SOURCE MATERIAL -
^^^^
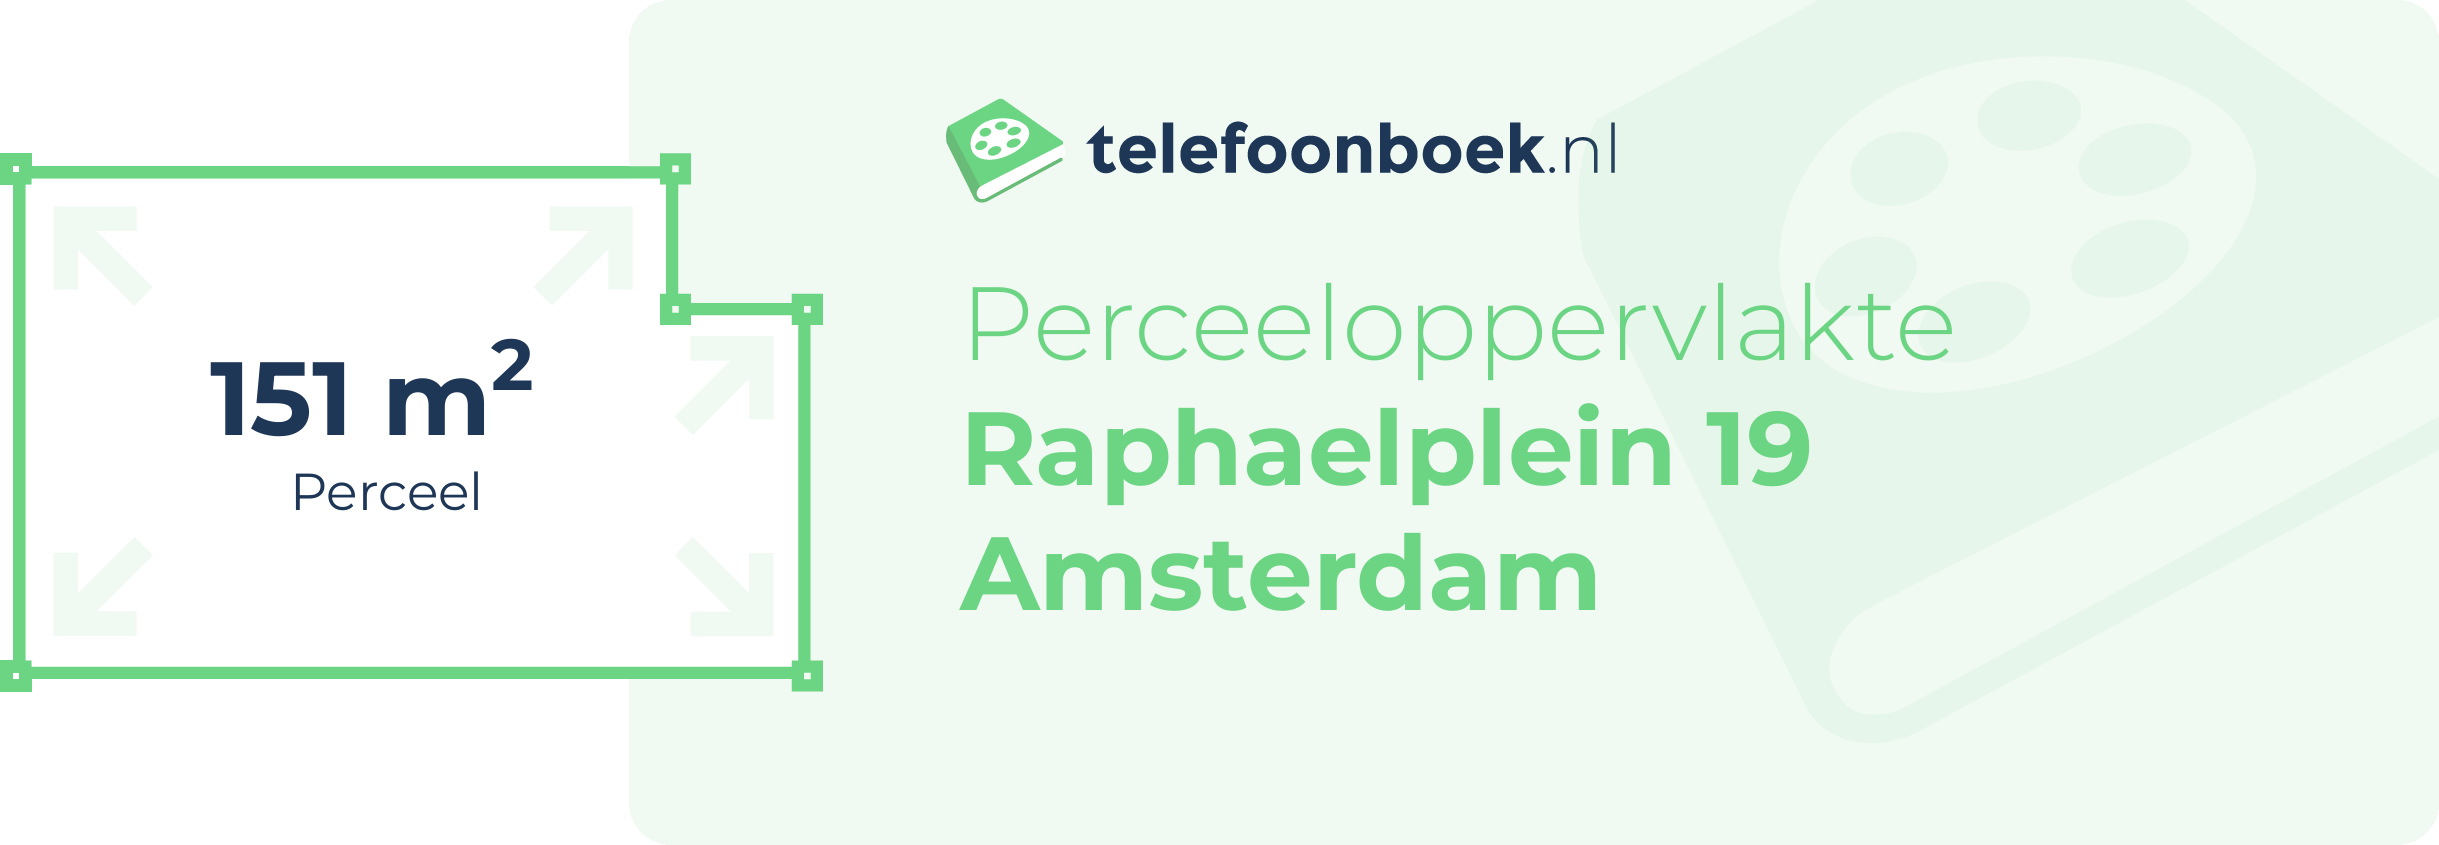 Perceeloppervlakte Raphaelplein 19 Amsterdam
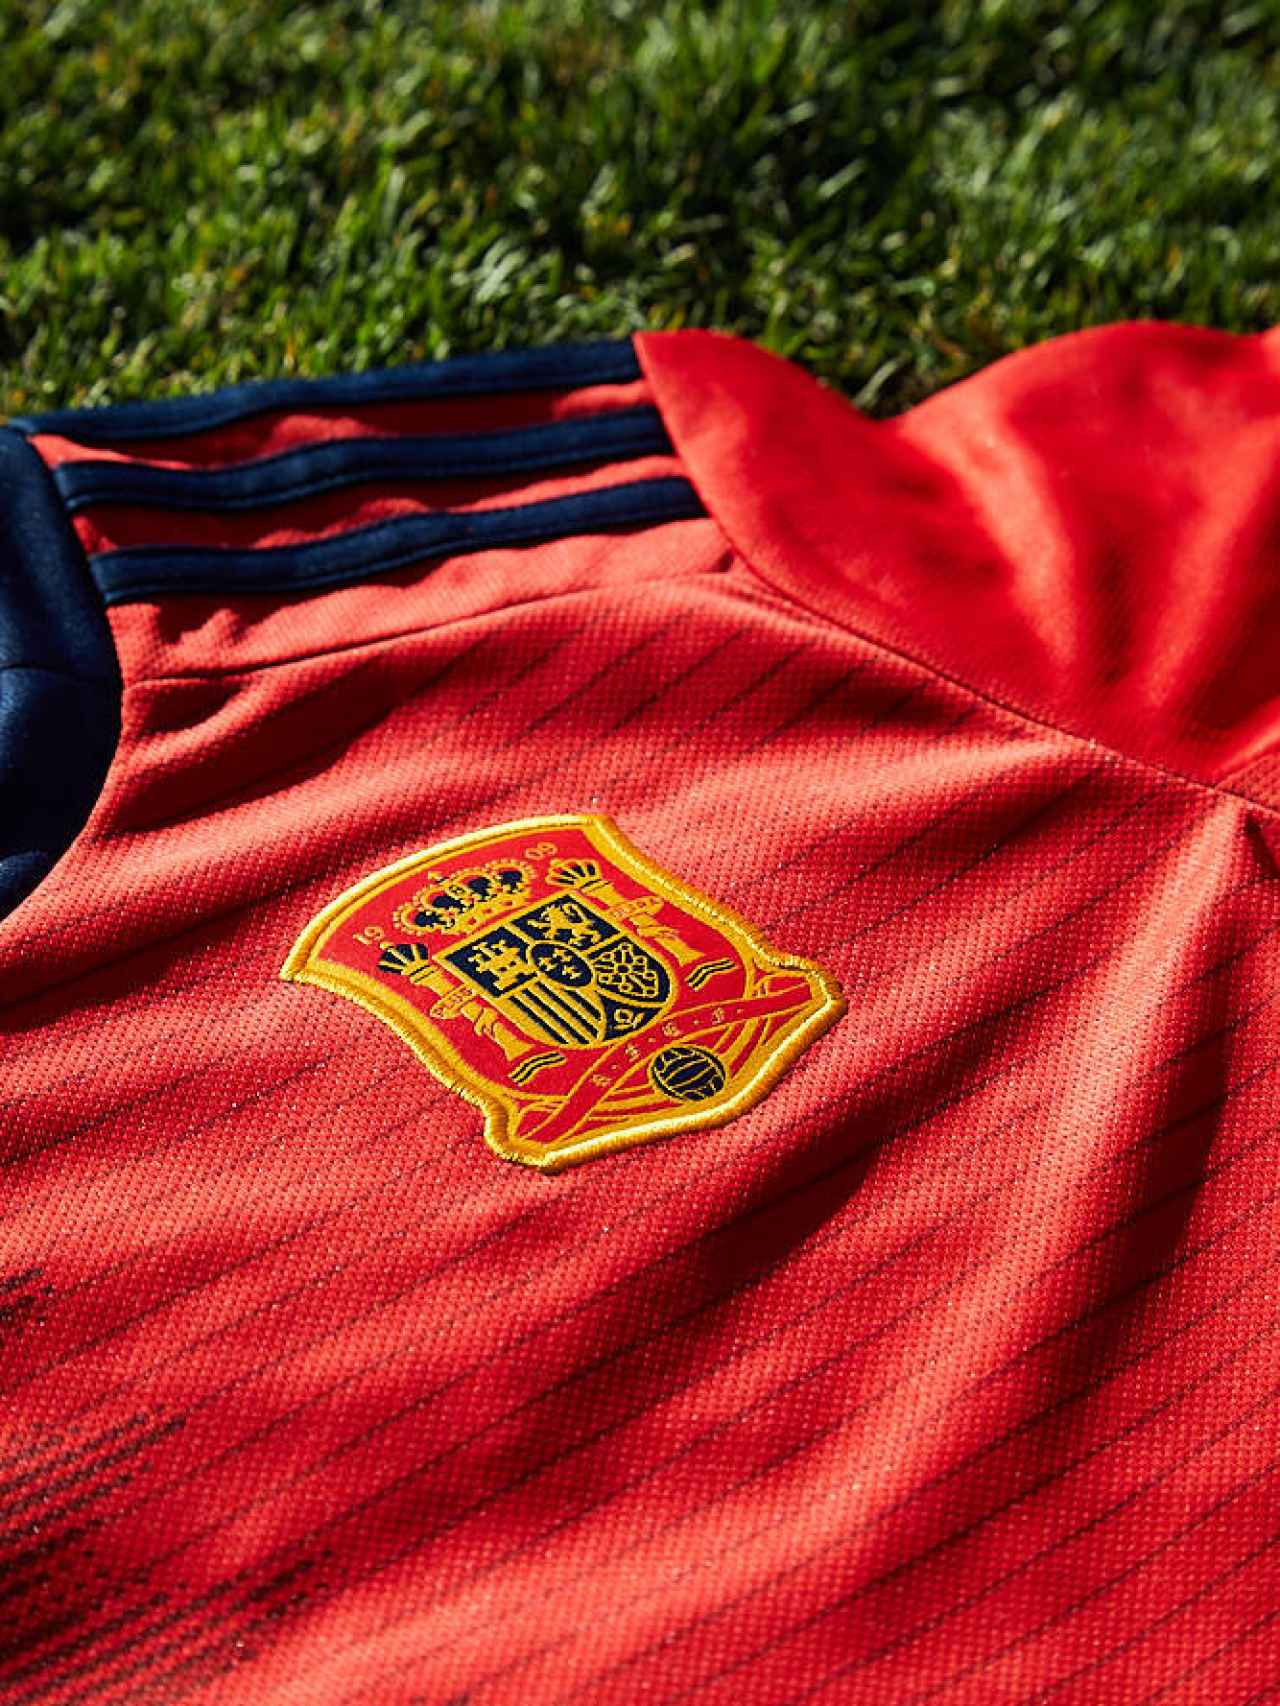 camiseta seleccion española femenina futbol
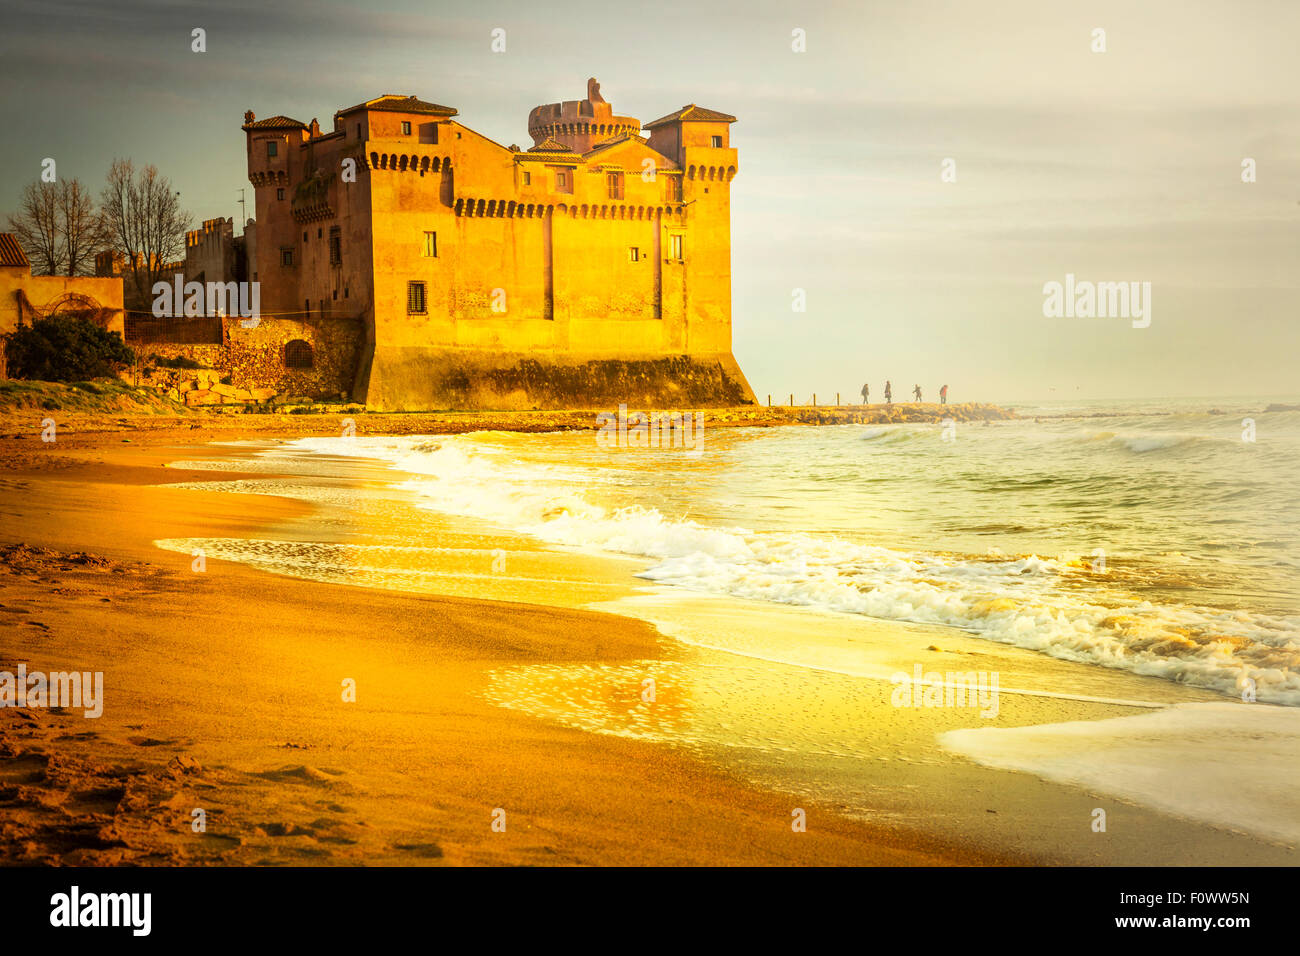 Golden sunset and medeival castle in Santa Severa, Italy Stock Photo
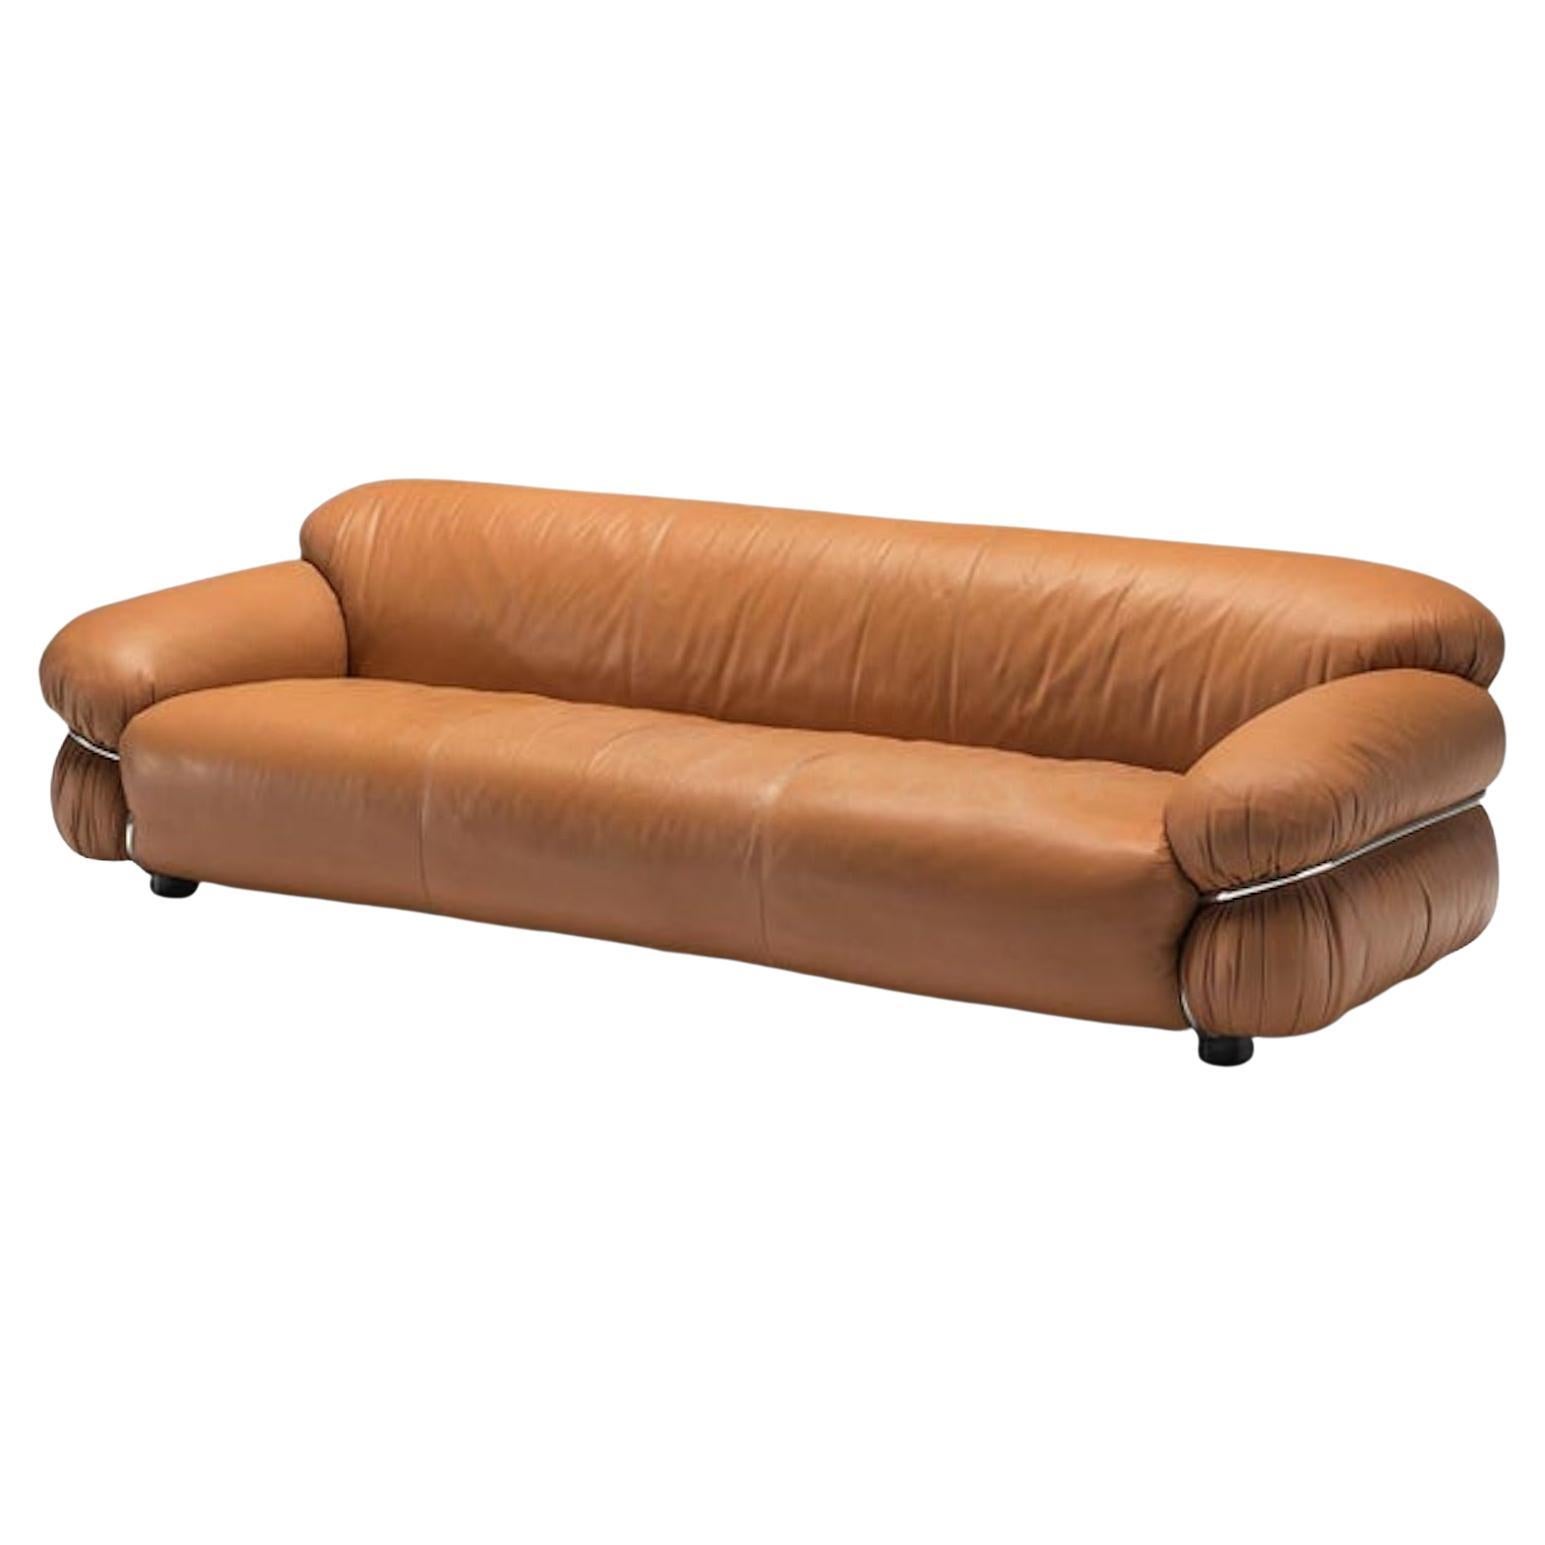 NEW Tacchini Leather Sesann Sofa by Gianfranco Frattini in STOCK
^^^^
TASK OBJECTIVE - For each line above, output its wording exactly and leave out any picture.

TASK OUTPUT -
 Perceeloppervlakte Raphaelplein 19 Amsterdam
 camiseta seleccion española femenina futbol
 Golden sunset and medeival castle in Santa Severa, Italy Stock Photo
 NEW Tacchini Leather Sesann Sofa by Gianfranco Frattini in STOCK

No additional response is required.